## EXERCISE DIRECTIONS
Give the data below again exactly as written, without its pictures.

## PROVIDED DATA

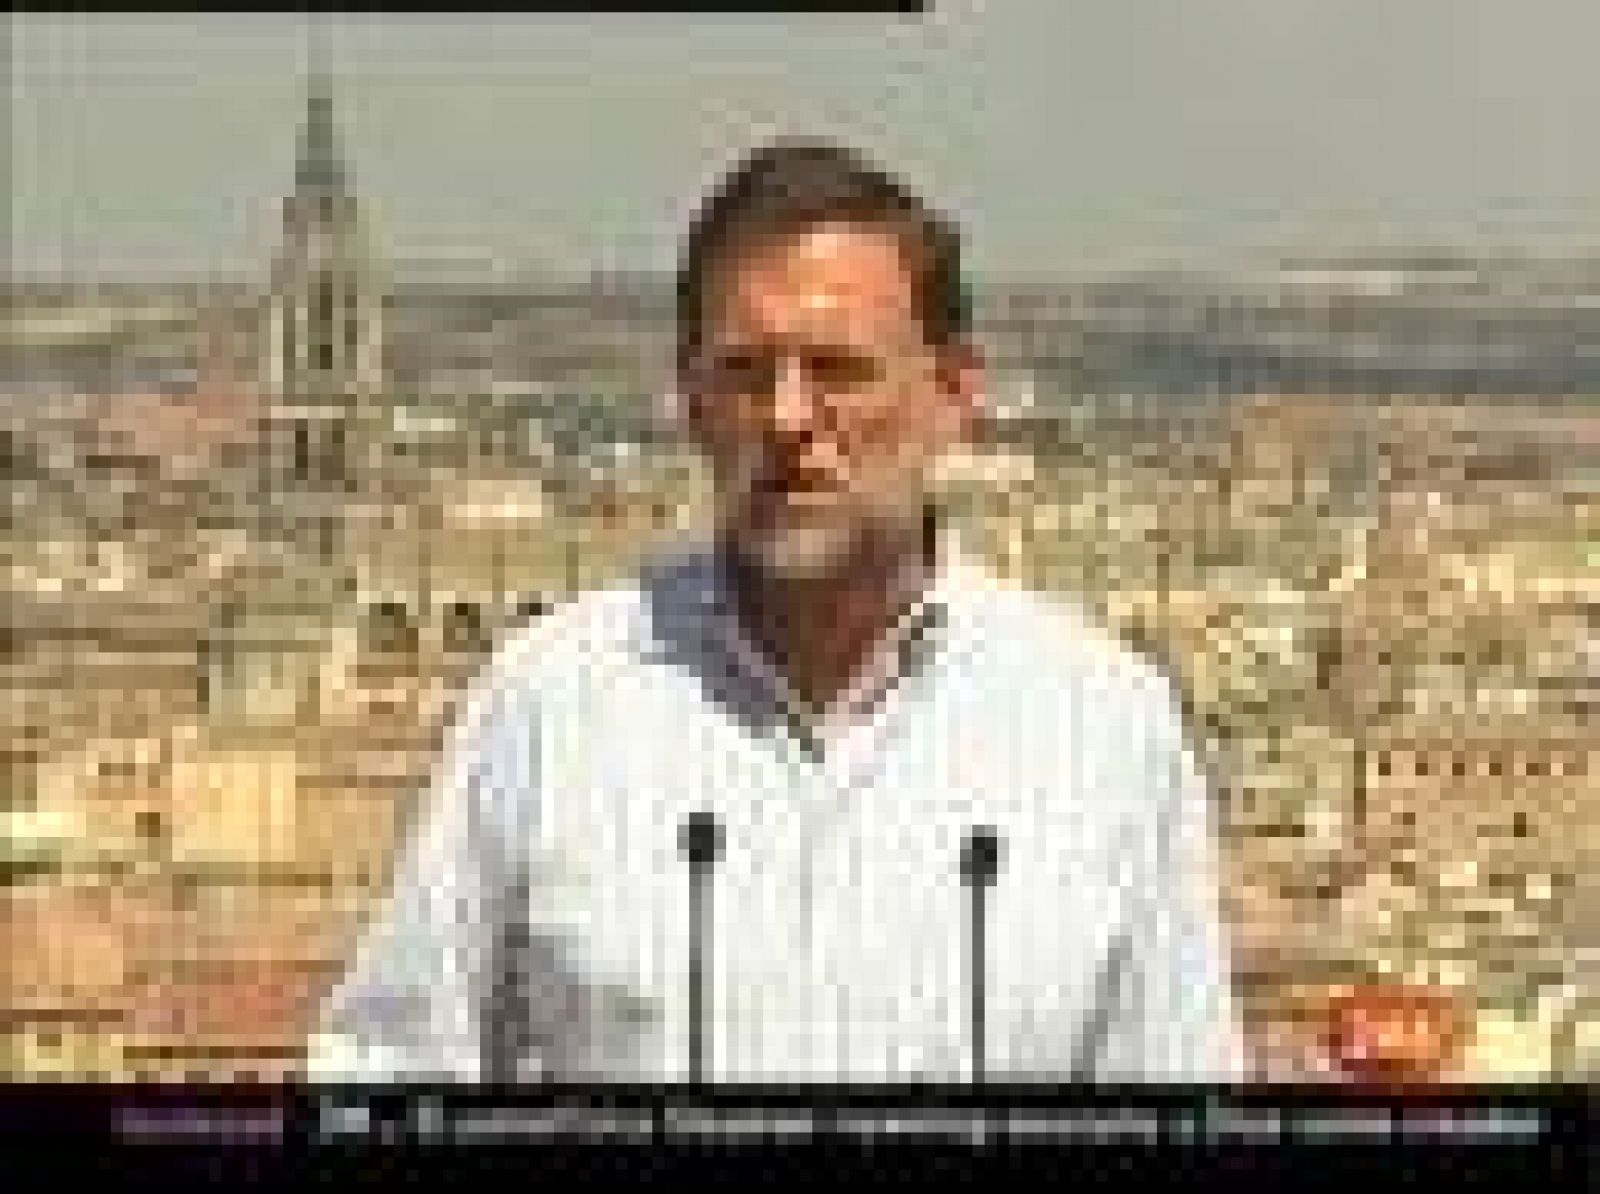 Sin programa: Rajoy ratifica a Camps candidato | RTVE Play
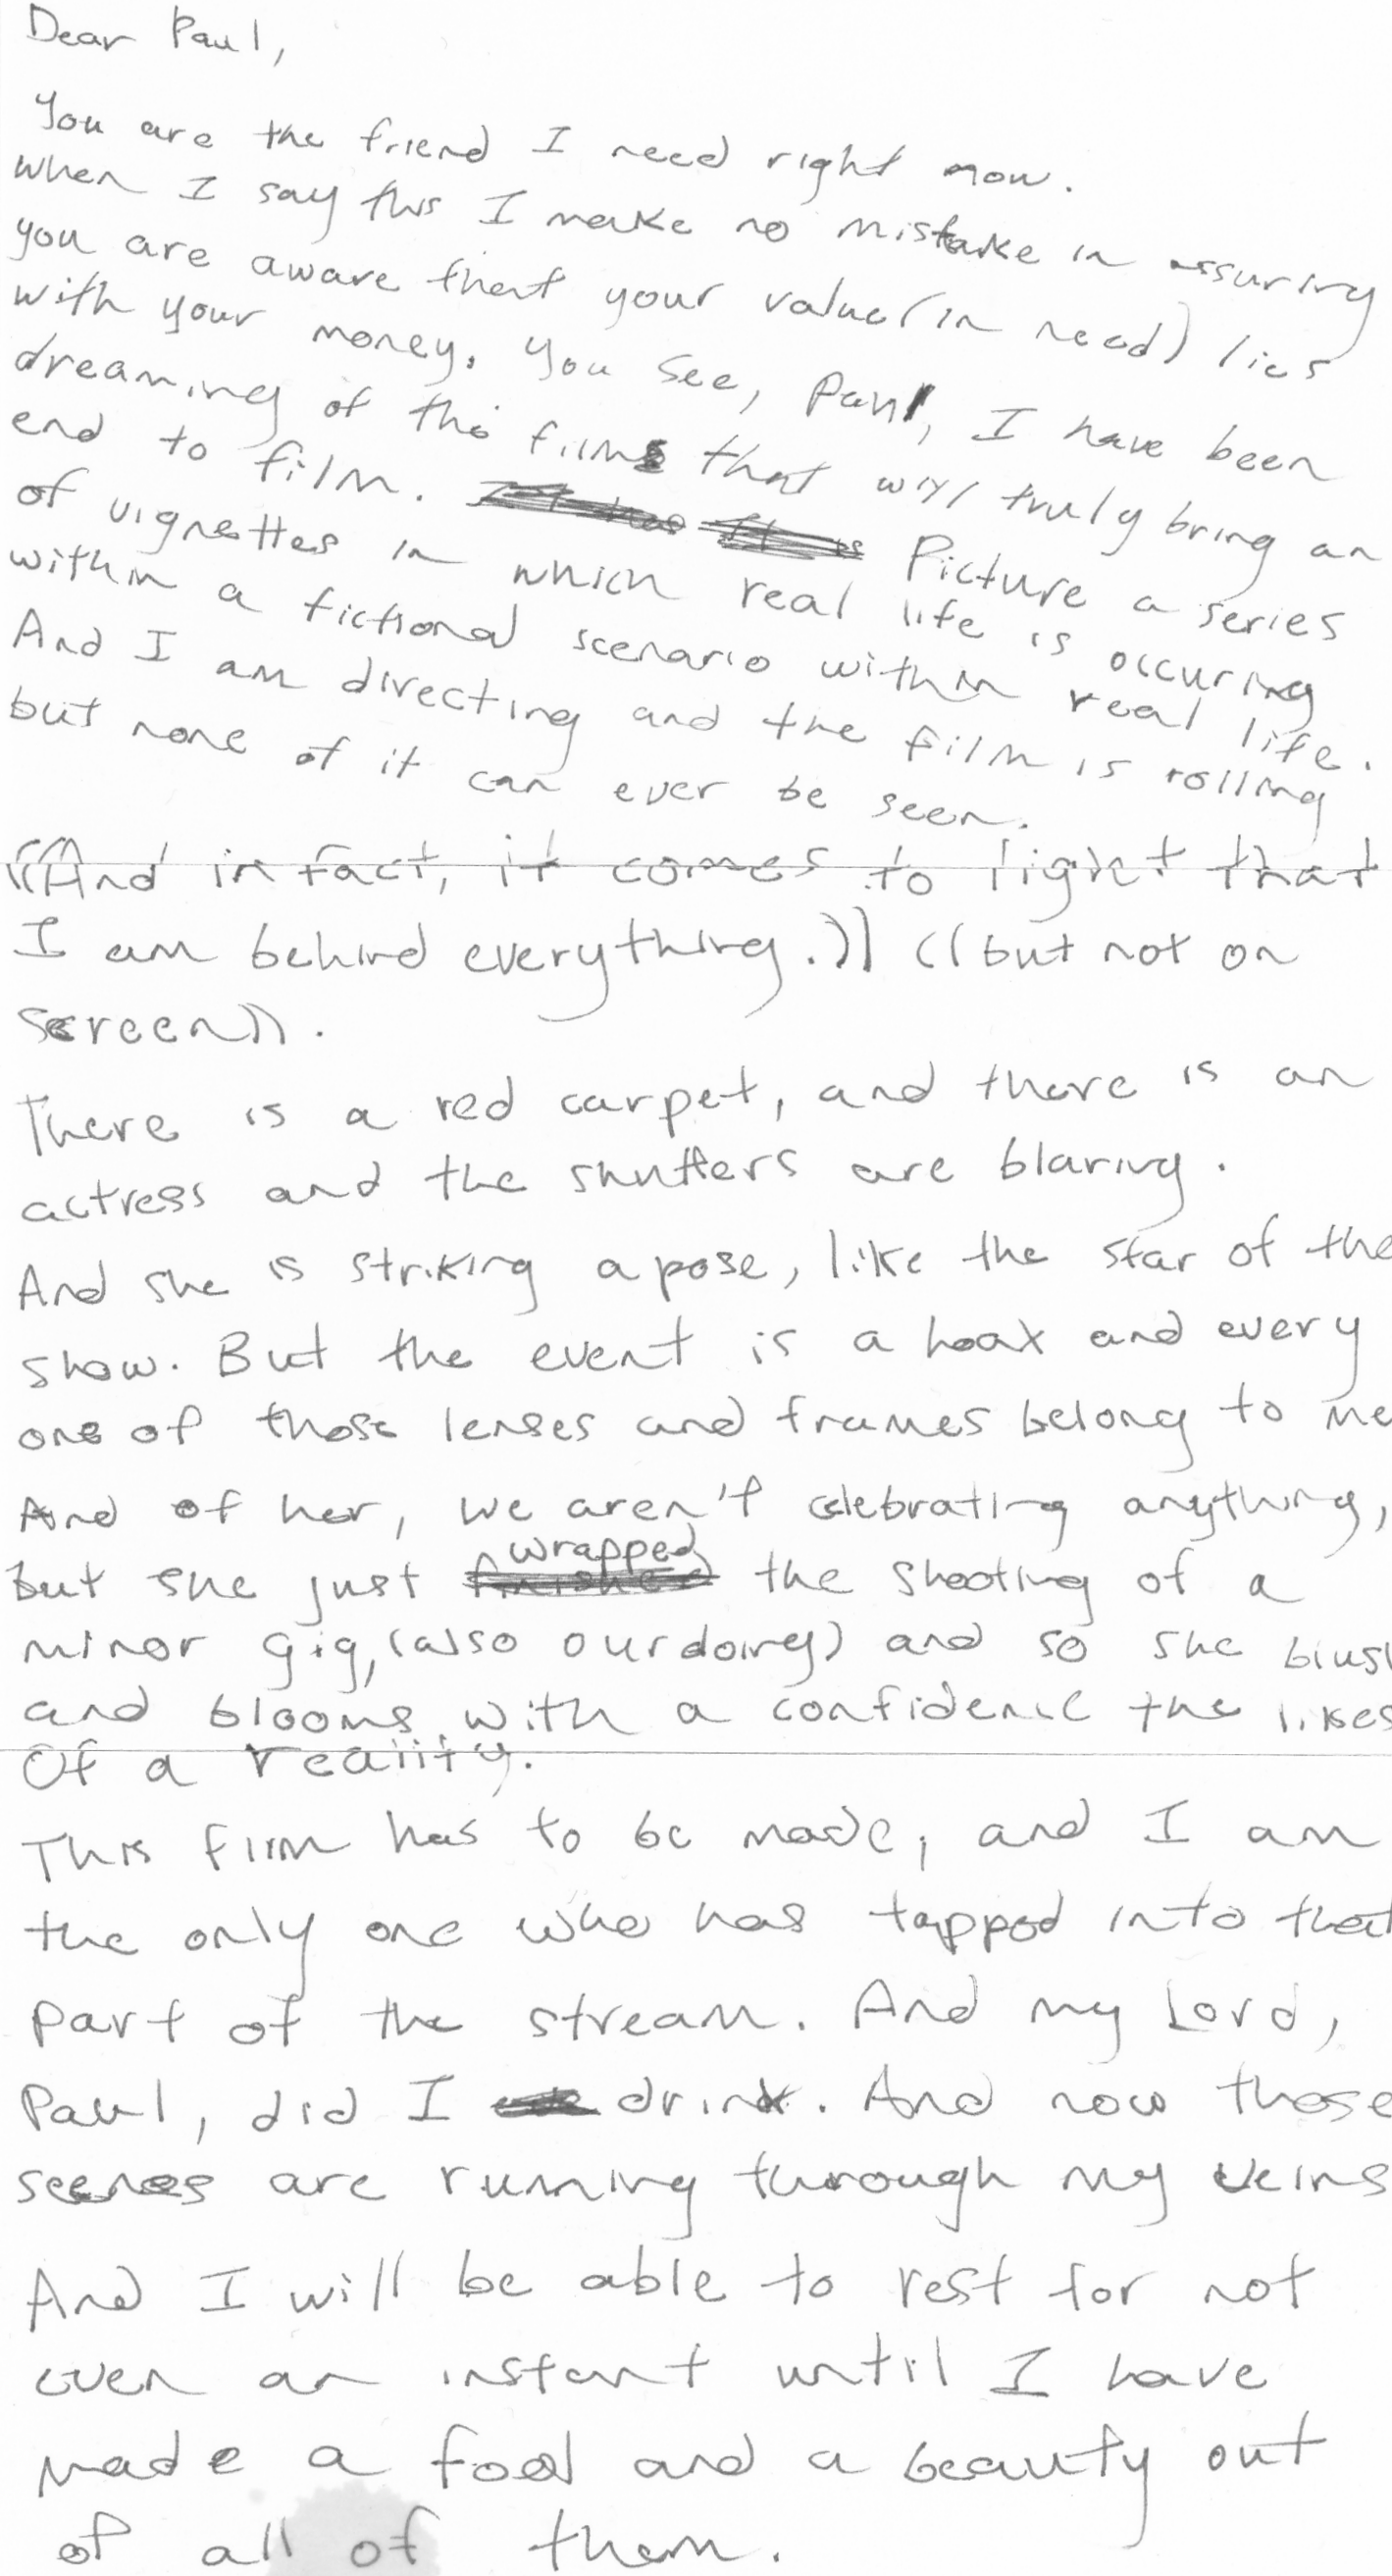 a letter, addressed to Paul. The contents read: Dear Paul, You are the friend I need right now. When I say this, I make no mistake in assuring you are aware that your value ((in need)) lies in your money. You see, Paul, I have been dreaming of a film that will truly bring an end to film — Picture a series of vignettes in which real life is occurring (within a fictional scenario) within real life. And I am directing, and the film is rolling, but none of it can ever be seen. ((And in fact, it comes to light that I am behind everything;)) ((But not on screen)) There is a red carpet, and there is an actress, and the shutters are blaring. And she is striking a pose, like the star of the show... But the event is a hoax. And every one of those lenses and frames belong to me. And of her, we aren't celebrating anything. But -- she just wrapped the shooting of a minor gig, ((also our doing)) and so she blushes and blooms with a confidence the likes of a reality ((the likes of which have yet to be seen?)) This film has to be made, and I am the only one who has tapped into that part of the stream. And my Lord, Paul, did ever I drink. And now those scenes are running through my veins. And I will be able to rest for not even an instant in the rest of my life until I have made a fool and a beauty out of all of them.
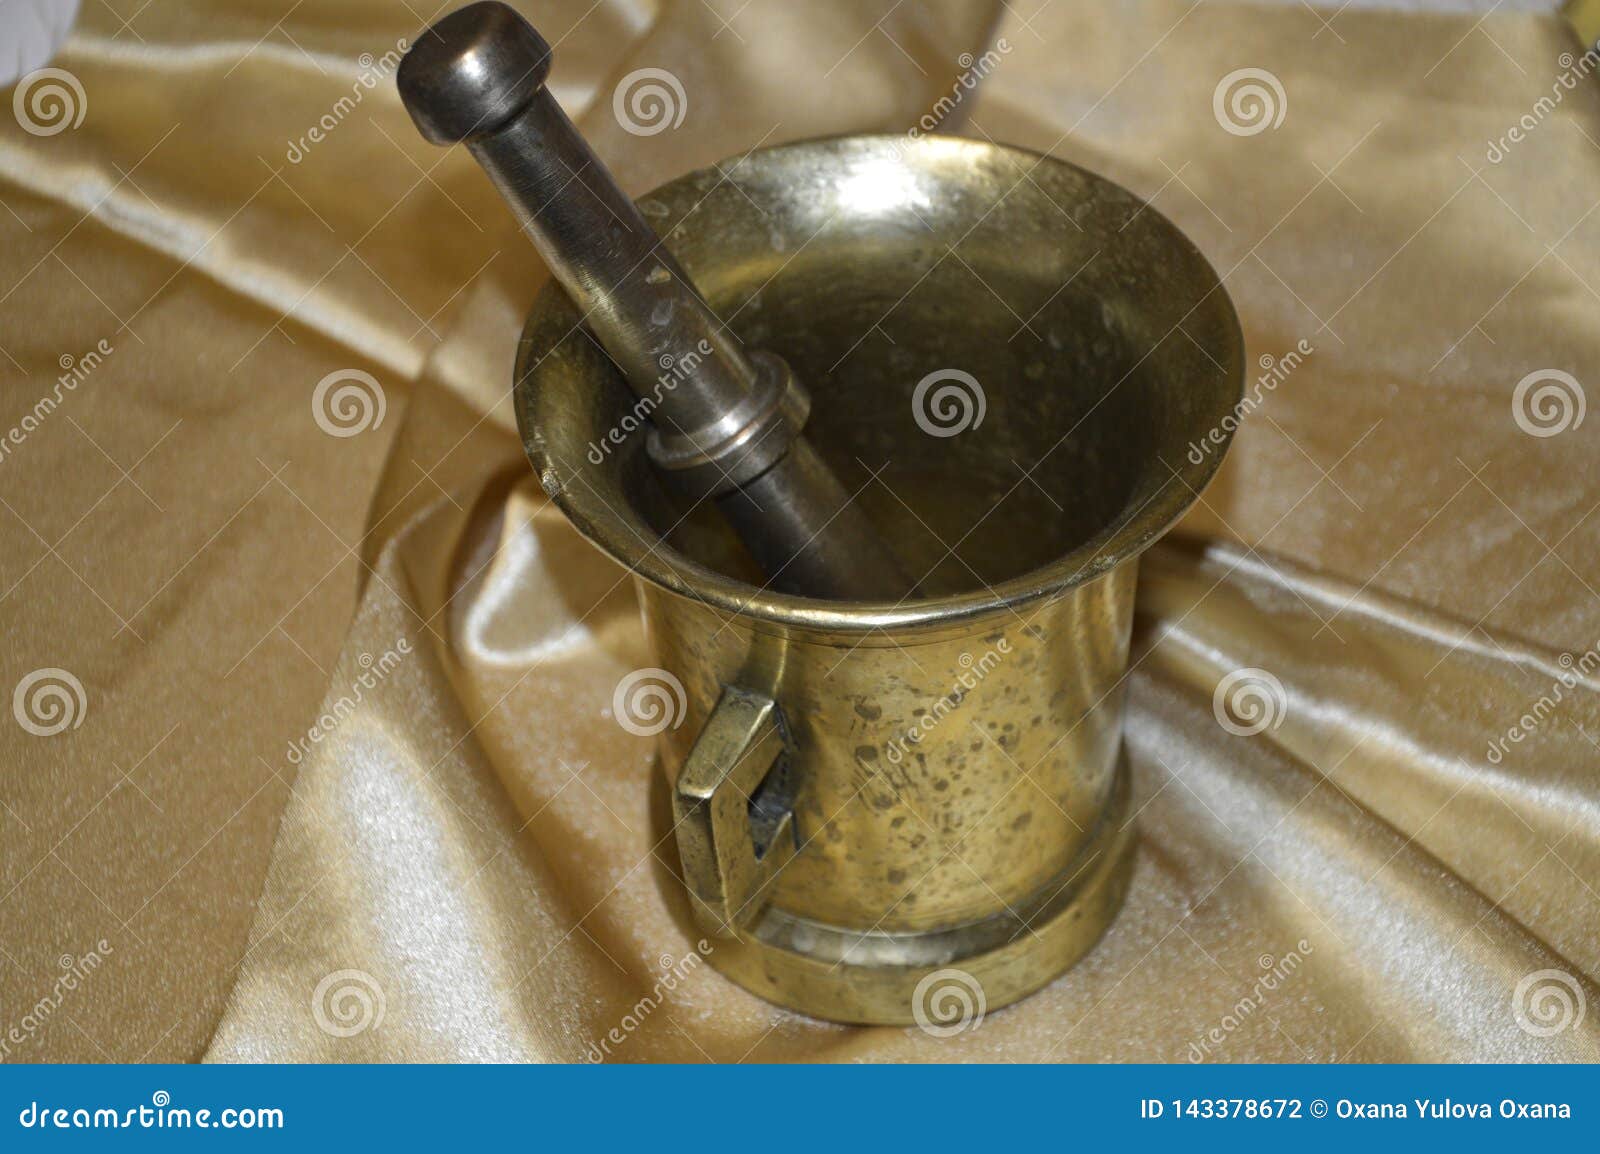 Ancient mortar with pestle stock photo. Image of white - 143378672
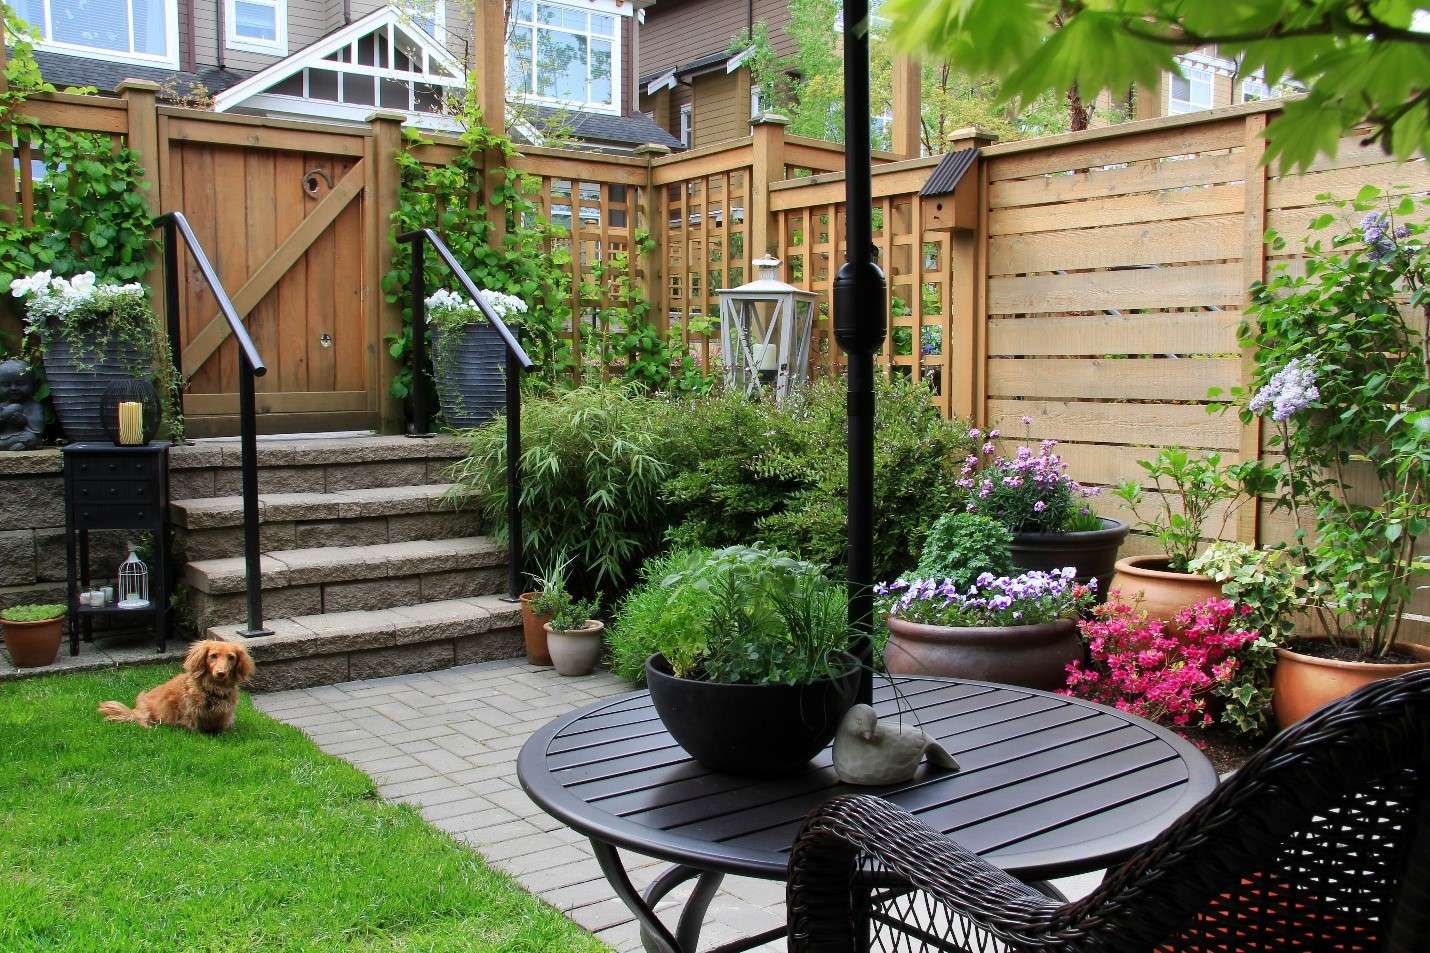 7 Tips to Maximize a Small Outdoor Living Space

## YOUR RESPONSE
 Sin programa: Rajoy ratifica a Camps candidato | RTVE Play
 a letter, addressed to Paul. The contents read: Dear Paul, You are the friend I need right now. When I say this, I make no mistake in assuring you are aware that your value ((in need)) lies in your money. You see, Paul, I have been dreaming of a film that will truly bring an end to film — Picture a series of vignettes in which real life is occurring (within a fictional scenario) within real life. And I am directing, and the film is rolling, but none of it can ever be seen. ((And in fact, it comes to light that I am behind everything;)) ((But not on screen)) There is a red carpet, and there is an actress, and the shutters are blaring. And she is striking a pose, like the star of the show... But the event is a hoax. And every one of those lenses and frames belong to me. And of her, we aren't celebrating anything. But -- she just wrapped the shooting of a minor gig, ((also our doing)) and so she blushes and blooms with a confidence the likes of a reality ((the likes of which have yet to be seen?)) This film has to be made, and I am the only one who has tapped into that part of the stream. And my Lord, Paul, did ever I drink. And now those scenes are running through my veins. And I will be able to rest for not even an instant in the rest of my life until I have made a fool and a beauty out of all of them.
 Ancient mortar with pestle stock photo. Image of white - 143378672
 7 Tips to Maximize a Small Outdoor Living Space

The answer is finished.